Monday, August 31, 2015

Exception: Could not bind to 0.0.0.0:8080 after trying for 30 seconds

I was deploying Swift using Seagate's Kinetic drives following the deployment guide in github https://github.com/swiftstack/kinetic-swift/wiki/Deployment

anfield@football:~$ sudo swift-init start main
[sudo] password for mayur:
Starting proxy-server...(/etc/swift/proxy-server.conf)
Starting container-server...(/etc/swift/container-server.conf)
Starting account-server...(/etc/swift/account-server.conf)
Starting object-server...(/etc/swift/object-server.conf)
Traceback (most recent call last):
  File "/usr/local/bin/swift-proxy-server", line 6, in <module>
    exec(compile(open(__file__).read(), __file__, 'exec'))
  File "/home/mayur/git/kinetic-swift/swift/bin/swift-proxy-server", line 23, in <module>
    sys.exit(run_wsgi(conf_file, 'proxy-server', **options))
  File "/home/mayur/git/kinetic-swift/swift/swift/common/wsgi.py", line 878, in run_wsgi
    error_msg = strategy.bind_ports()
  File "/home/mayur/git/kinetic-swift/swift/swift/common/wsgi.py", line 480, in bind_ports
    self.sock = get_socket(self.conf)
  File "/home/mayur/git/kinetic-swift/swift/swift/common/wsgi.py", line 201, in get_socket
    bind_addr[0], bind_addr[1], bind_timeout))
Exception: Could not bind to 0.0.0.0:8080 after trying for 30 seconds

I ran the 'netstat -lntp' command to see which process is using the port 8080.

anfield@football:~$ netstat -lntp
(Not all processes could be identified, non-owned process info
 will not be shown, you would have to be root to see it all.)
Active Internet connections (only servers)
Proto Recv-Q Send-Q Local Address           Foreign Address         State       PID/Program name
tcp        0      0 0.0.0.0:6002            0.0.0.0:*               LISTEN      -              
tcp        0      0 127.0.1.1:53            0.0.0.0:*               LISTEN      -              
tcp        0      0 127.0.0.1:631           0.0.0.0:*               LISTEN      -              
tcp        0      0 127.0.0.1:11211         0.0.0.0:*               LISTEN      -              
tcp        0      0 0.0.0.0:6000            0.0.0.0:*               LISTEN      -              
tcp        0      0 0.0.0.0:8080            0.0.0.0:*               LISTEN      4303/python    
tcp        0      0 0.0.0.0:6001            0.0.0.0:*               LISTEN      -              
tcp6       0      0 ::1:631                 :::*                    LISTEN      -              
anfield@football:~$

The 1 indicates a HDD and 0 indicates SSD


 Now that I know which are SSDs and which are HDDs.

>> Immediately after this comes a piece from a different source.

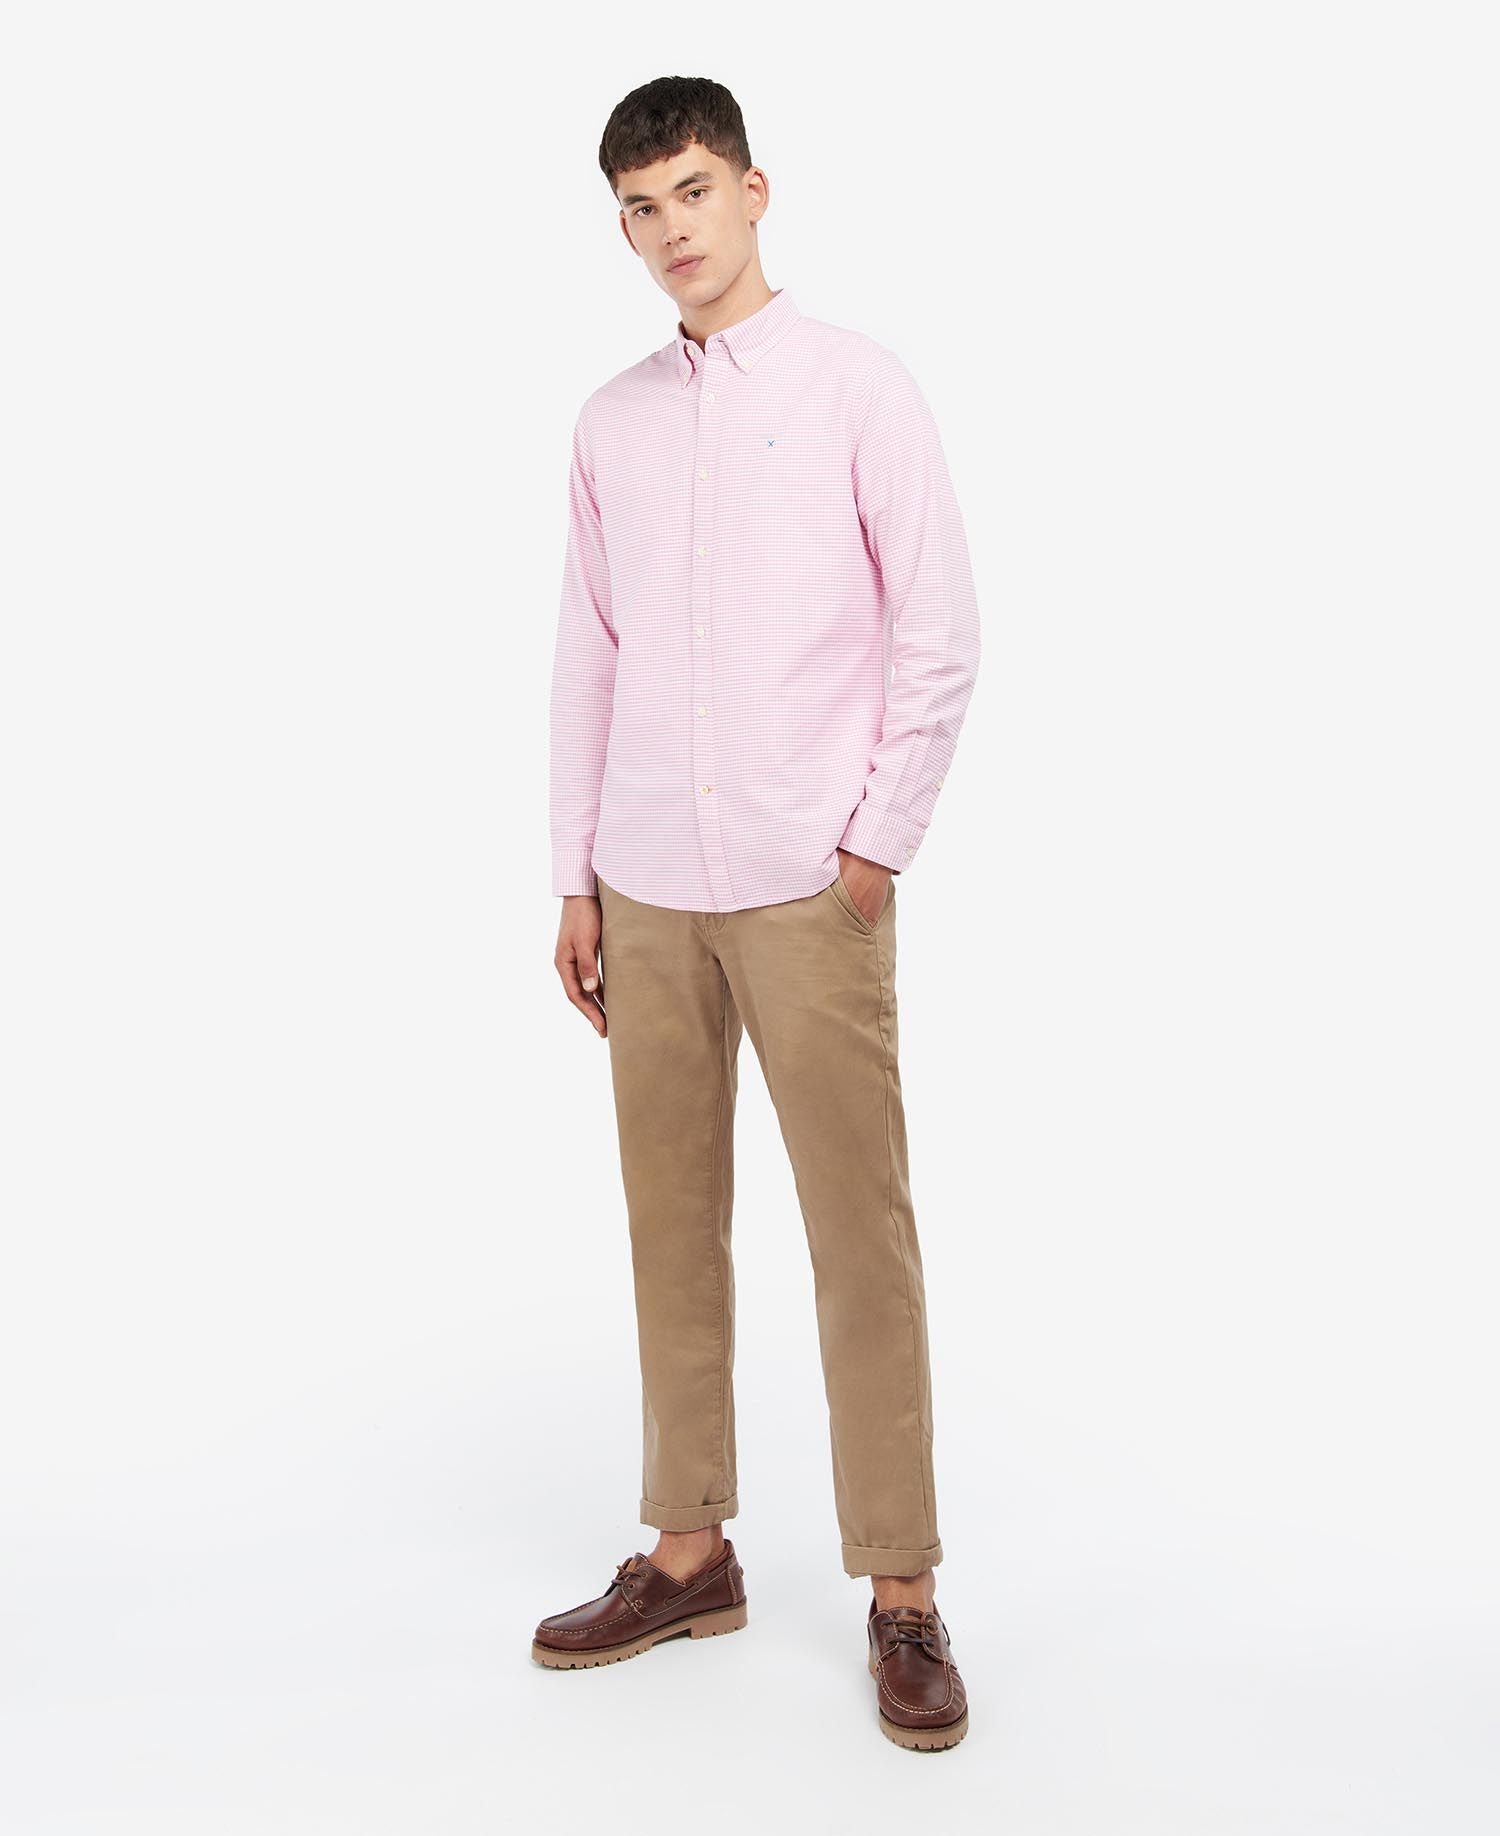 Men's Gingham Oxtown Tailored Shirt - Pink

Here is how I got detailed information on the HDD and SSD

anfield@football:~$ ps -ef | grep 4303
mayur     4303  1541  1 14:22 ?        00:00:03 /usr/bin/python /usr/local/bin/swift-proxy-server /etc/swift/proxy-server.conf
mayur     4308  4303  0 14:22 ?        00:00:00 /usr/bin/python /usr/local/bin/swift-proxy-server /etc/swift/proxy-server.conf
mayur     4375  2432  0 14:26 pts/1    00:00:00 grep --color=auto 4303
anfield@football:~$
anfield@football:~$
anfield@football:~$ kill -9 4303
anfield@football:~$
anfield@football:~$ ps -ef | grep 4303
mayur     4378  2432  0 14:26 pts/1    00:00:00 grep --color=auto 4303
anfield@football:~$

The screen shot above shows the Python process that is using port 8080. I killed the process, and then restarted Swift

The Swift process came up fine after that as shown below.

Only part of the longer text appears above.